SQL Index Failure Scenarios and Optimization Strategies
Problem Description
Indexes are a core tool for SQL database performance optimization, but incorrect usage can lead to index failure, triggering full table scans and severely reducing query efficiency. Interviewers often test your understanding of index principles and SQL writing standards through index failure scenarios. This article systematically explains the common causes of index failure and optimization strategies.
Root Causes of Index Failure
The essence of index failure is that the database optimizer deems the cost of using an index higher than a full table scan. Common reasons include:
-
Applying Operations or Functions to Indexed Columns
- Failure Example:
WHERE YEAR(create_time) = 2023 - Principle: Indexes store raw values; calculations on the column prevent using the index tree for positioning.

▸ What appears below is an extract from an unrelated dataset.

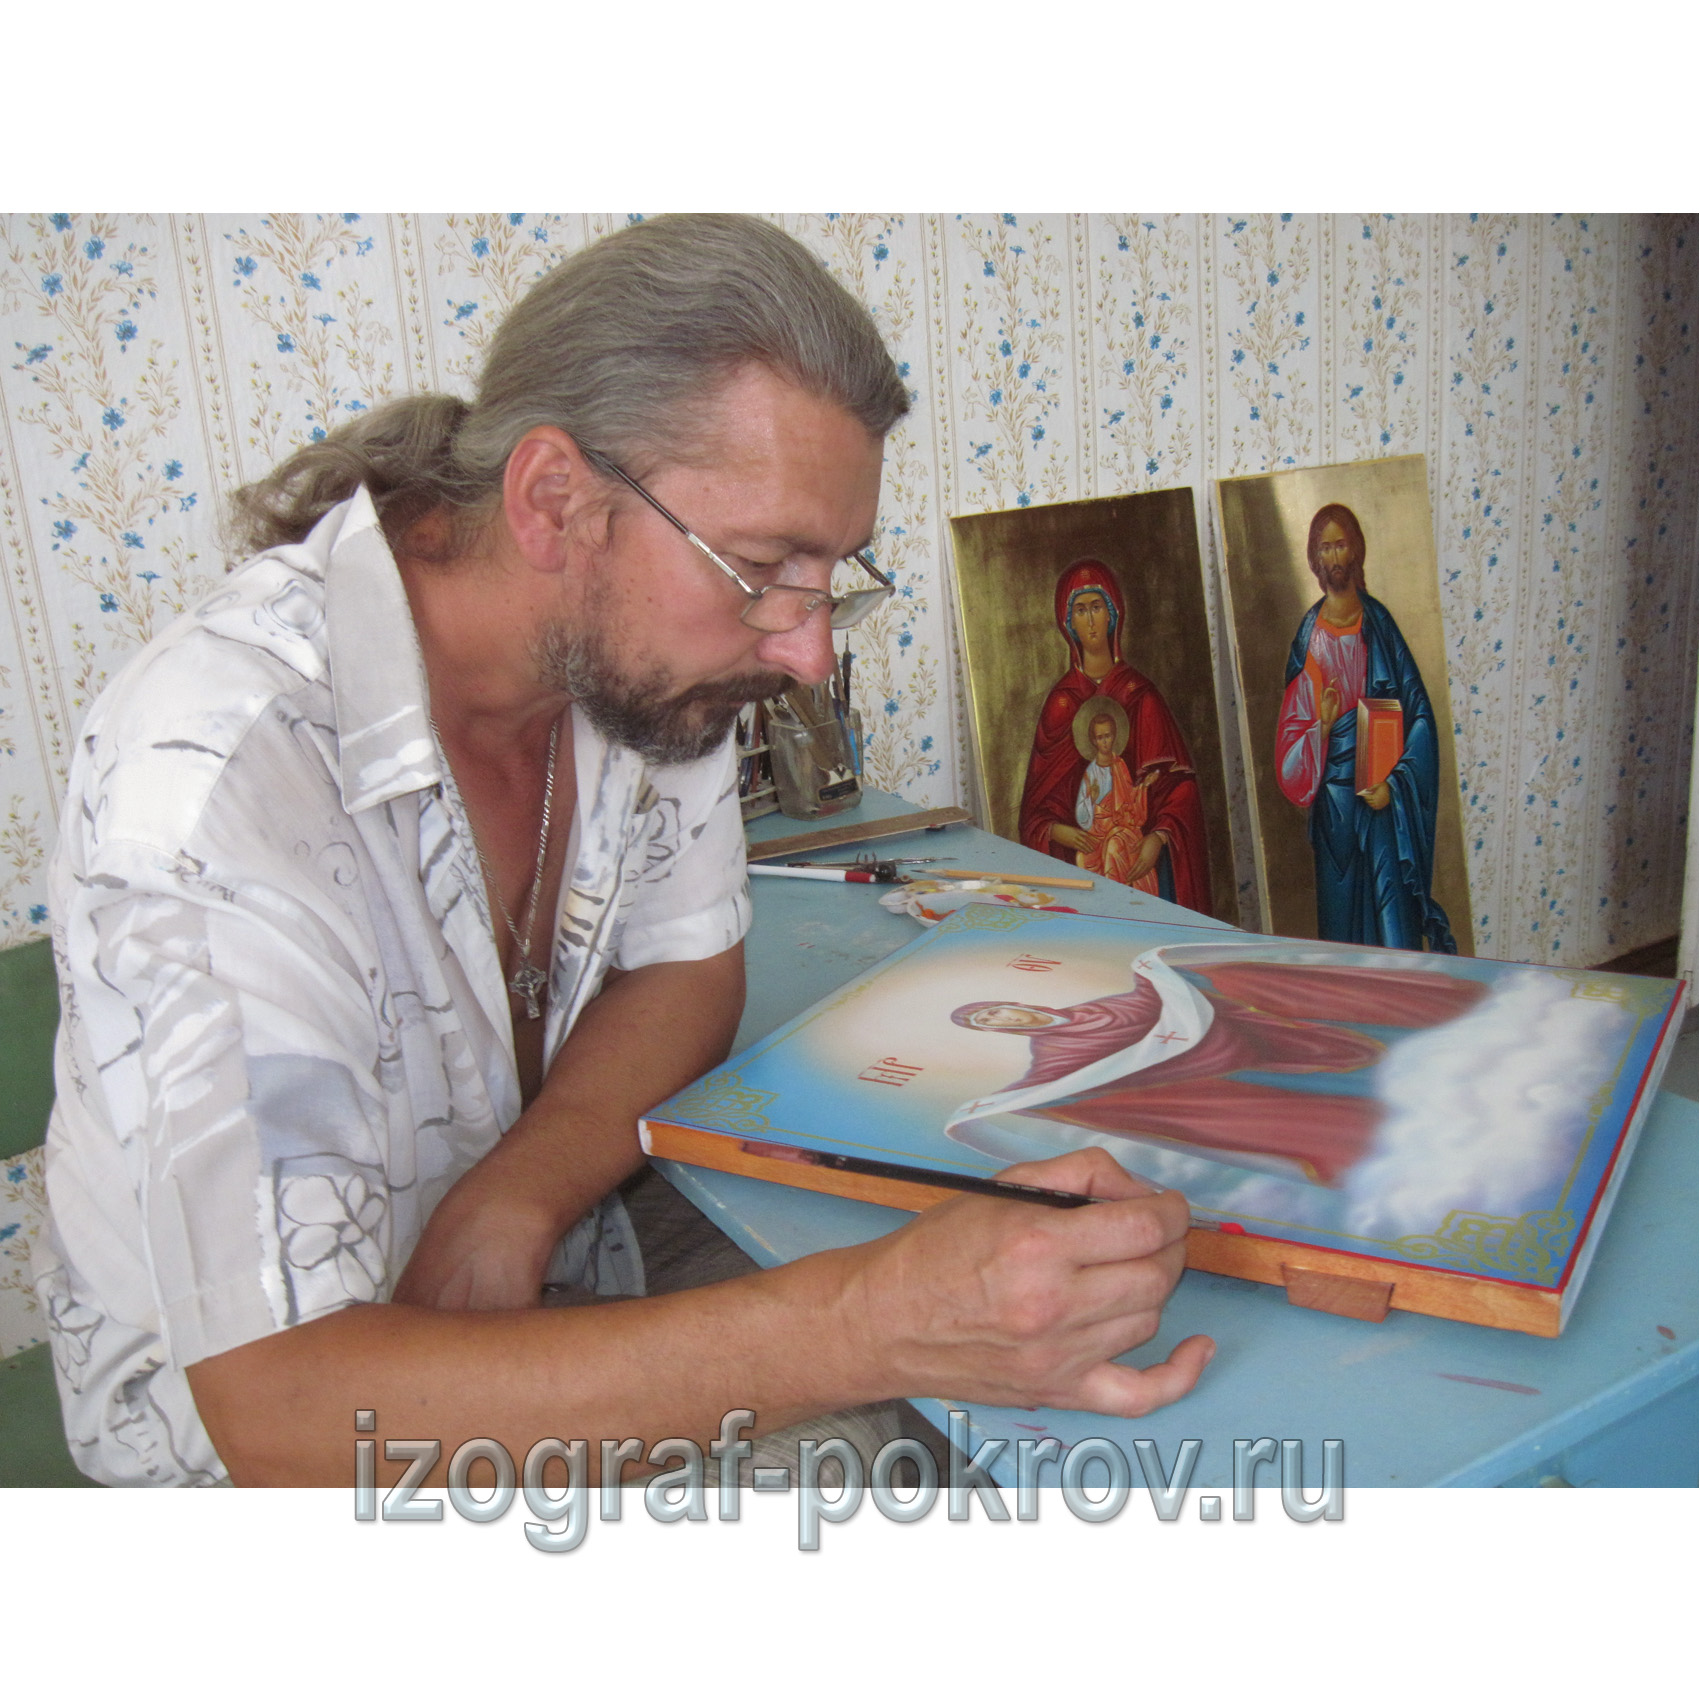 Иконописец заканчивает икону Покрова Пресвятой Богородицы

- Optimization: Rewrite as a range query.
-- Optimized version WHERE create_time >= '2023-01-01' AND create_time < '2024-01-01'
- Failure Example:
-
Implicit Type Conversion
- Failure Example:
WHERE user_id = '123'(whereuser_idis integer type) - Principle: The database needs to convert the entire column to strings for comparison, equivalent to applying a function to the indexed column.
- Optimization: Ensure consistent data types.

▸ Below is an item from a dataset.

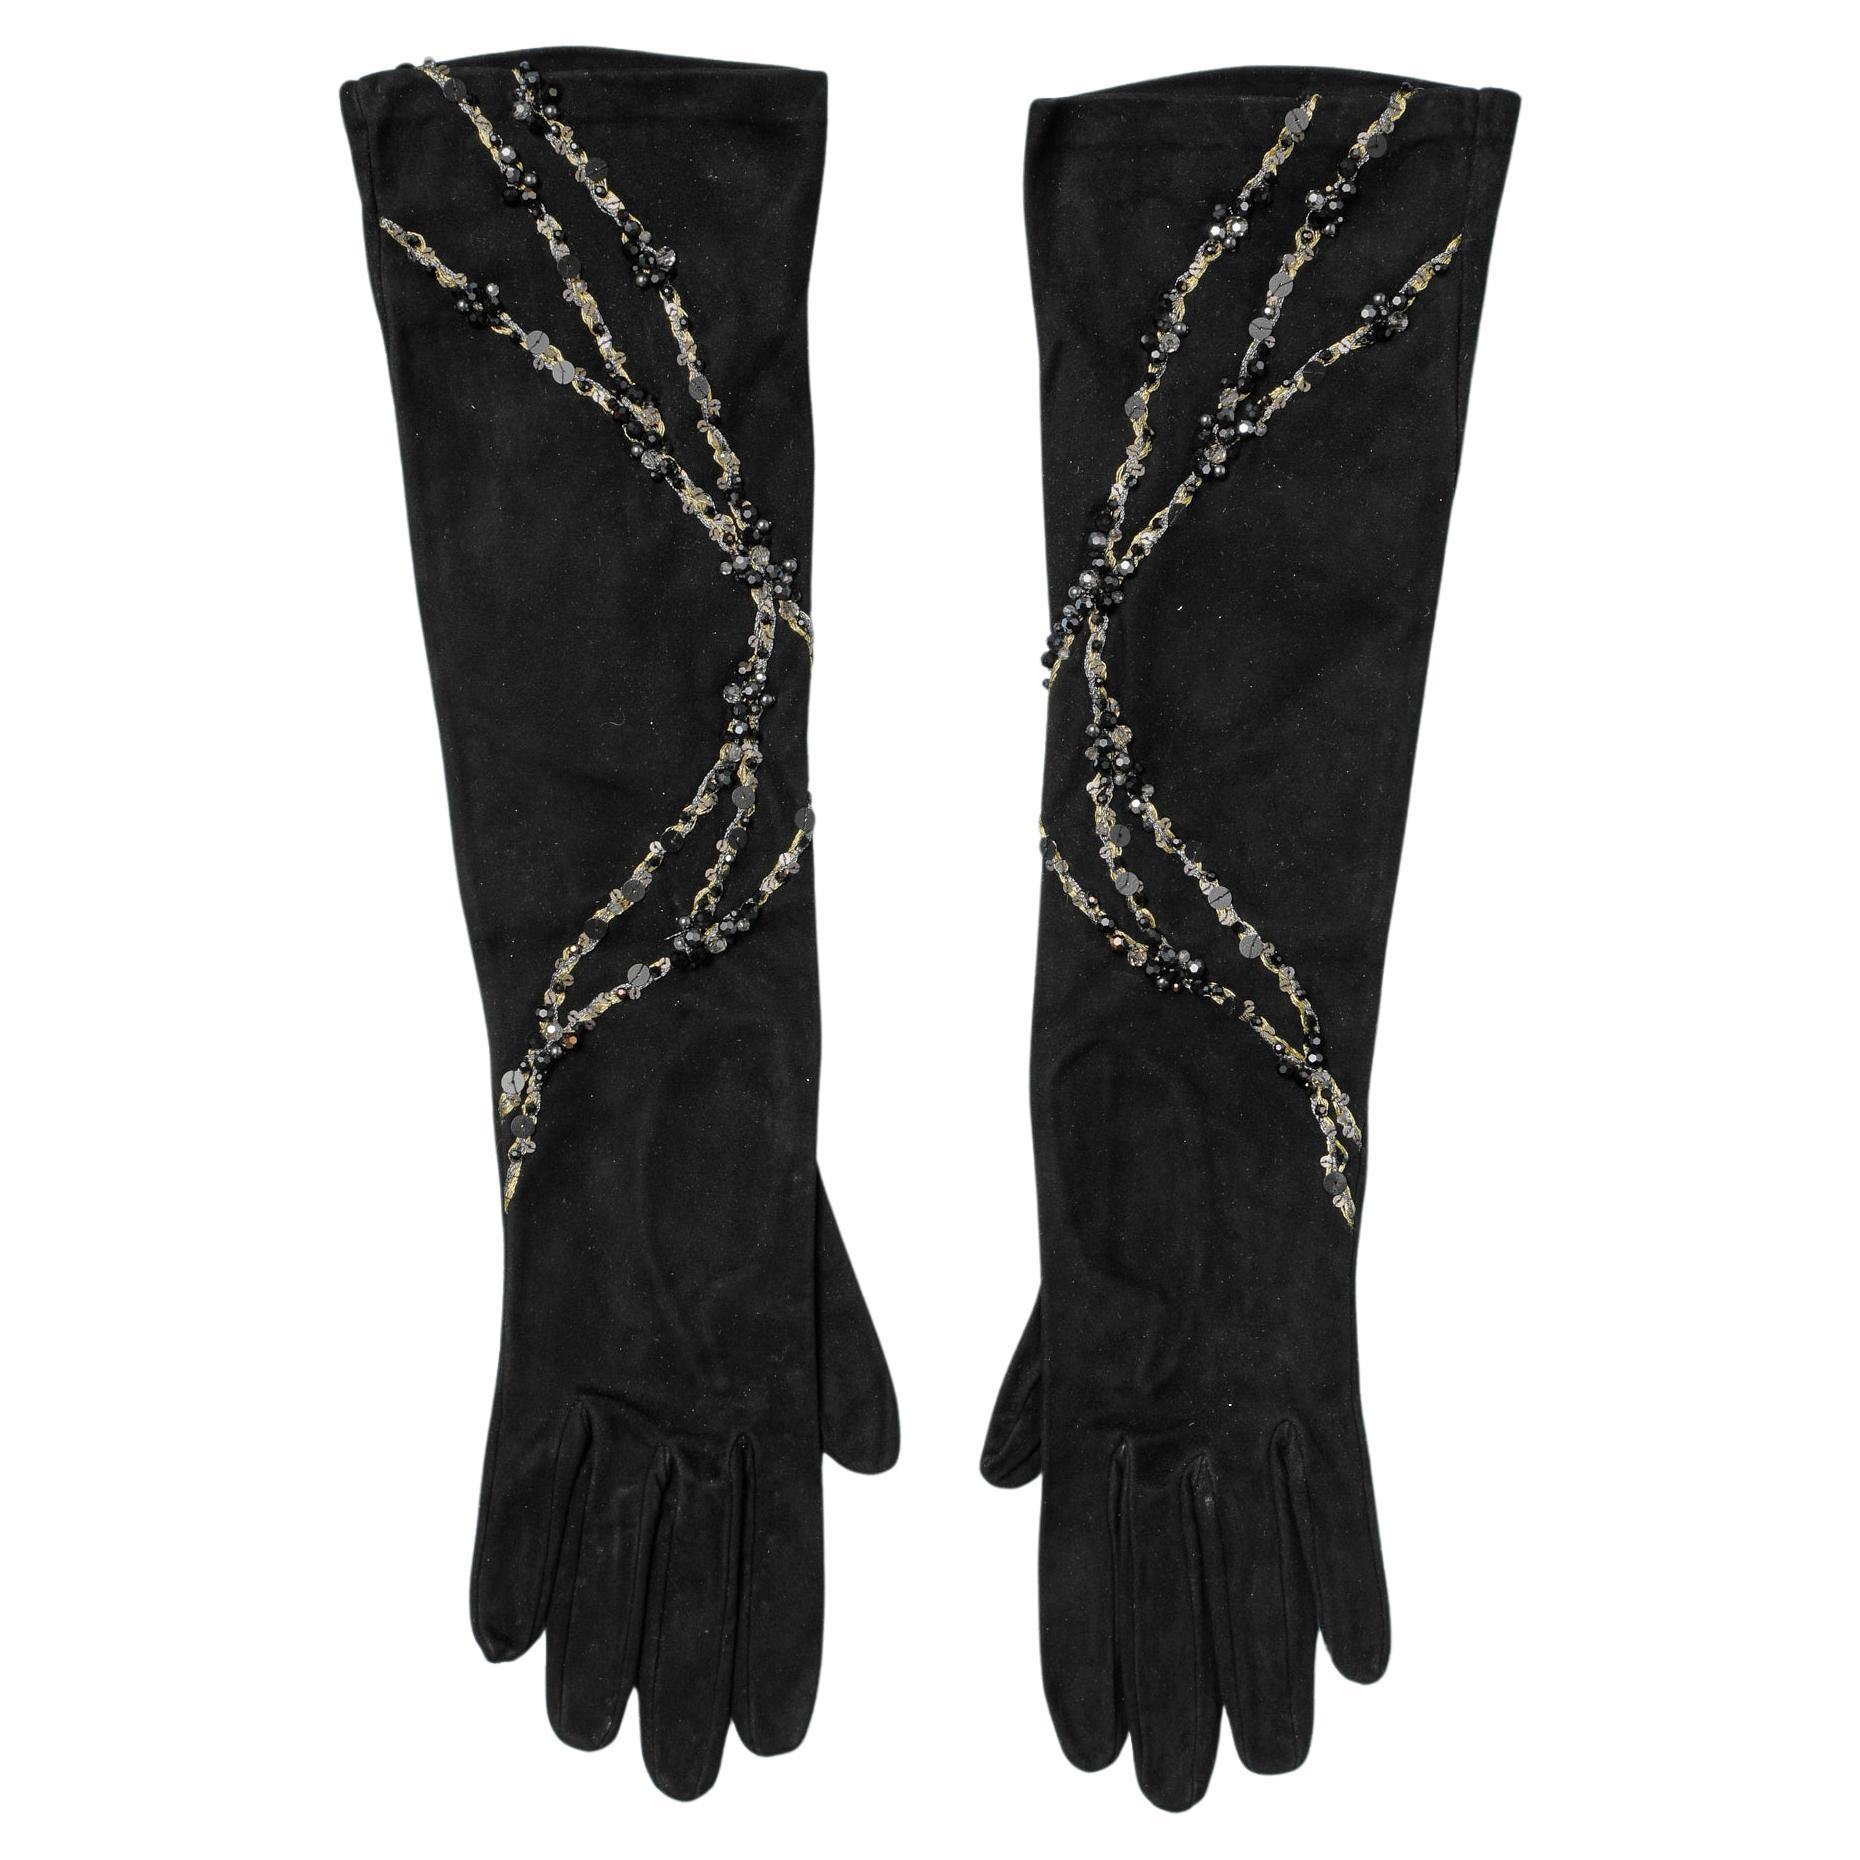 Black suede evening gloves with lurex, sequin and beadwork Daniel Swarovski NEW

WHERE user_id = 123 -- Direct integer match
- Failure Example:
-
Leading Wildcard in LIKE Queries
- Failure Example:
WHERE name LIKE '%张三' - Principle: B+ tree indexes are sorted by prefix and cannot locate values starting with a wildcard character.
- Optimization Solutions:
- Use trailing wildcard:
WHERE name LIKE '张三%' - Use full-text index (e.g., MySQL's FULLTEXT).
- Use trailing wildcard:
- Failure Example:
-
OR Condition Connecting to a Non-Indexed Column
- Failure Example:
WHERE indexed_column = 1 OR non_indexed_column = 2 - Principle: The optimizer needs to scan both the index and the full table, often opting directly for a full table scan.
- Optimization:
-- Split into UNION query SELECT * FROM t WHERE indexed_column = 1 UNION SELECT * FROM t WHERE non_indexed_column = 2
- Failure Example:
-
Violating the Leftmost Prefix Principle
- Failure scenarios for composite index (a, b, c):
- Missing leftmost column:
WHERE b = 1 AND c = 2 - Skipping a column:
WHERE a = 1 AND c = 2(can only use index on column a)
- Missing leftmost column:
- Optimization: Adjust query order or create a covering index.
- Failure scenarios for composite index (a, b, c):
-
Using NOT or != on Indexed Columns
- Failure Example:
WHERE status != 'deleted' - Principle: Requires scanning most index entries; cost may be higher than a full table scan.
- Optimization:
- Change to positive query:
WHERE status IN ('active', 'pending') - For columns with high selectivity, consider forcing index usage.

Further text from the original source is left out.